Available data:
'''

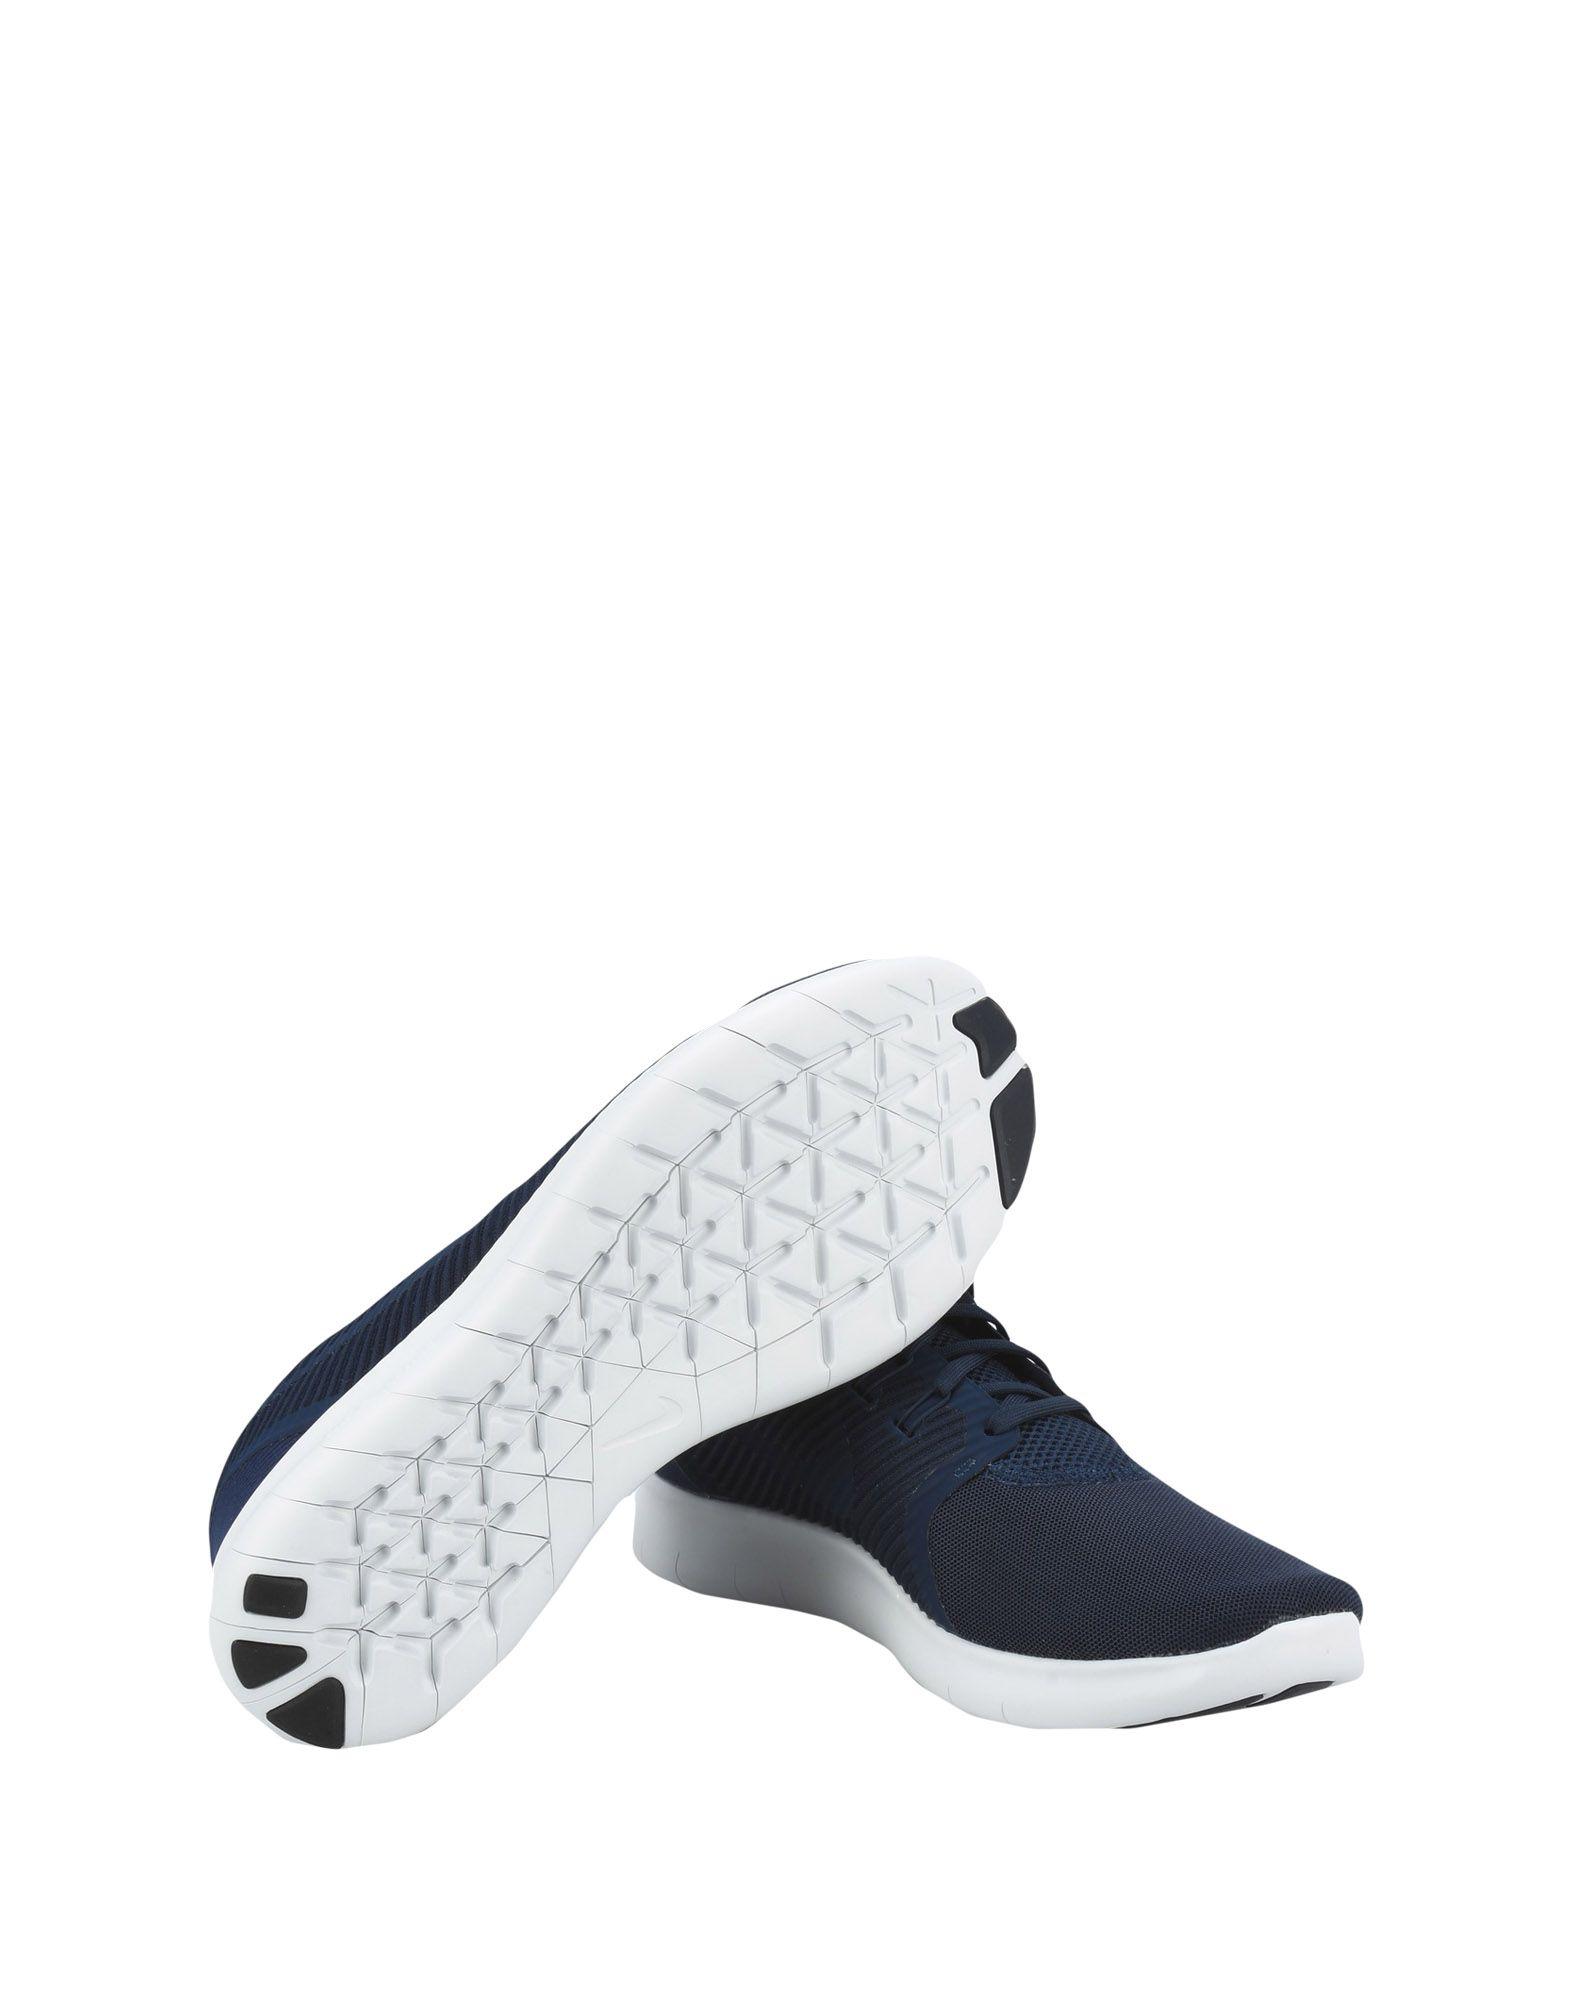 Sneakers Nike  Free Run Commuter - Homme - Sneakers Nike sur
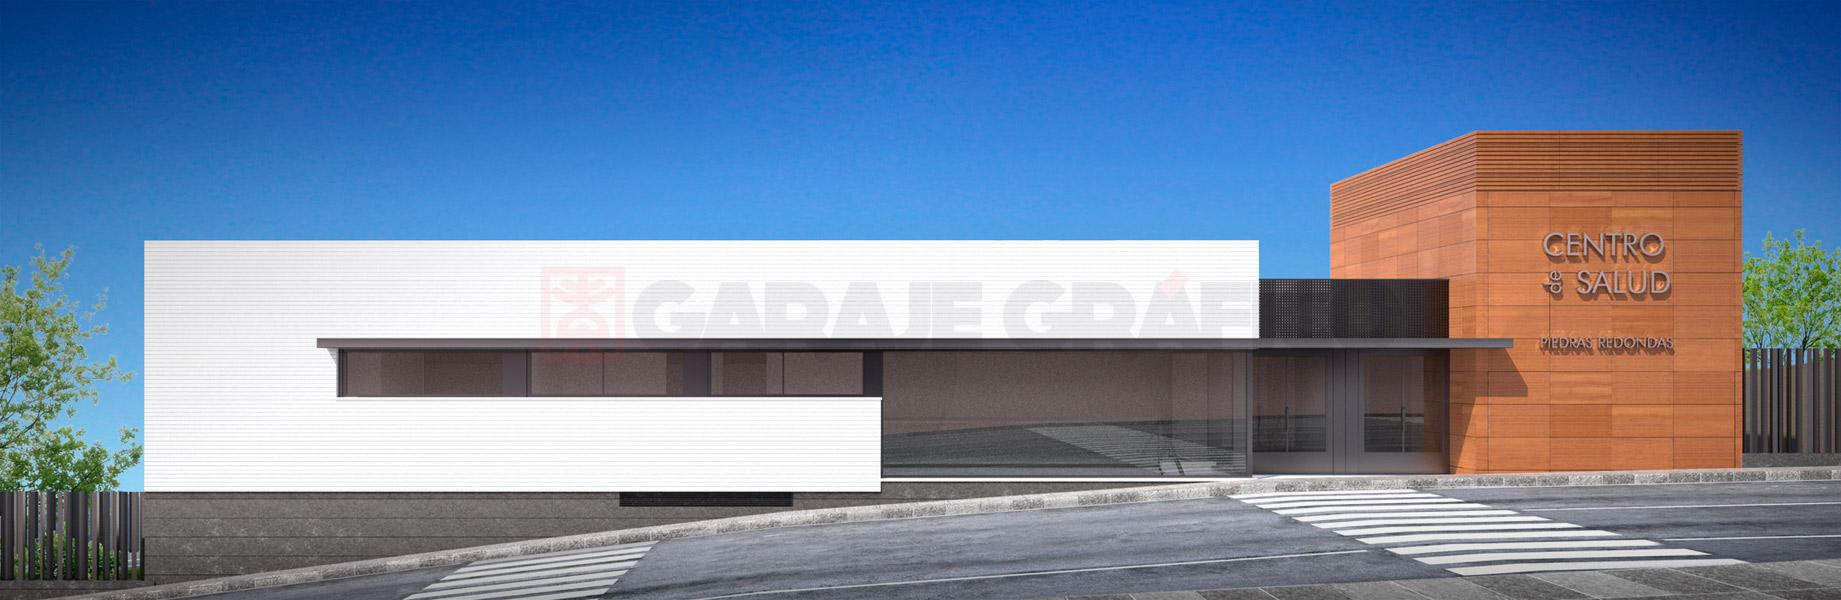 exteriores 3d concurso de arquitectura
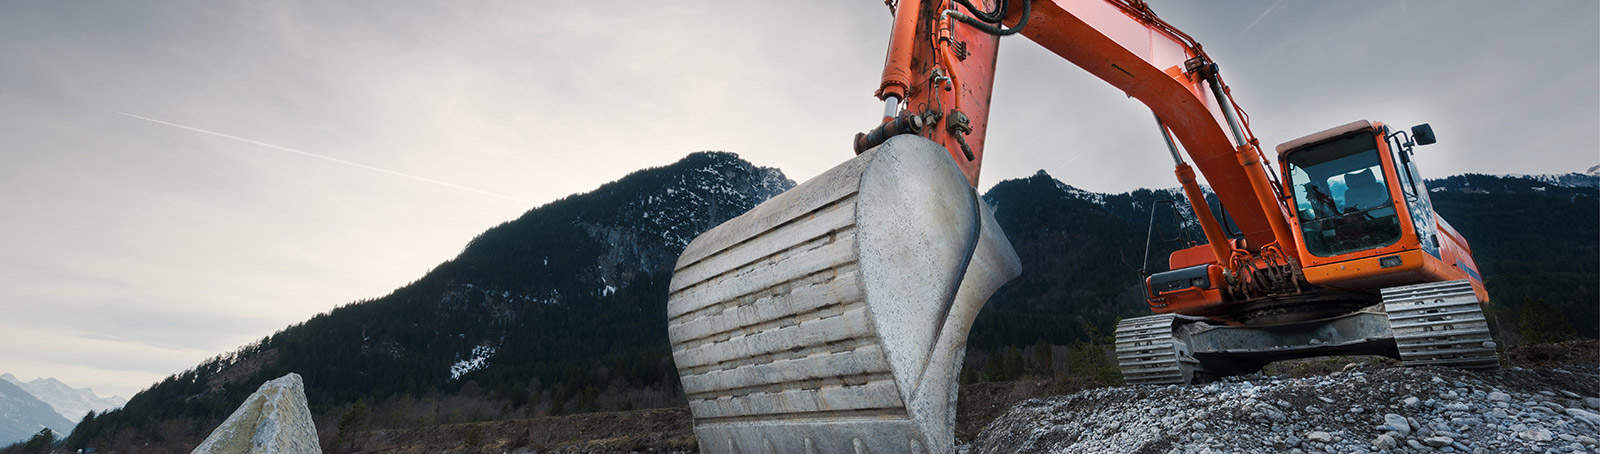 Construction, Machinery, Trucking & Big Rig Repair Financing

'''

Goal of the exercise: The reply should repeat the data in full, exactly as given, and contain no pictures.

Expected answer:
 Sneakers Nike  Free Run Commuter - Homme - Sneakers Nike sur
 exteriores 3d concurso de arquitectura
 Construction, Machinery, Trucking & Big Rig Repair Financing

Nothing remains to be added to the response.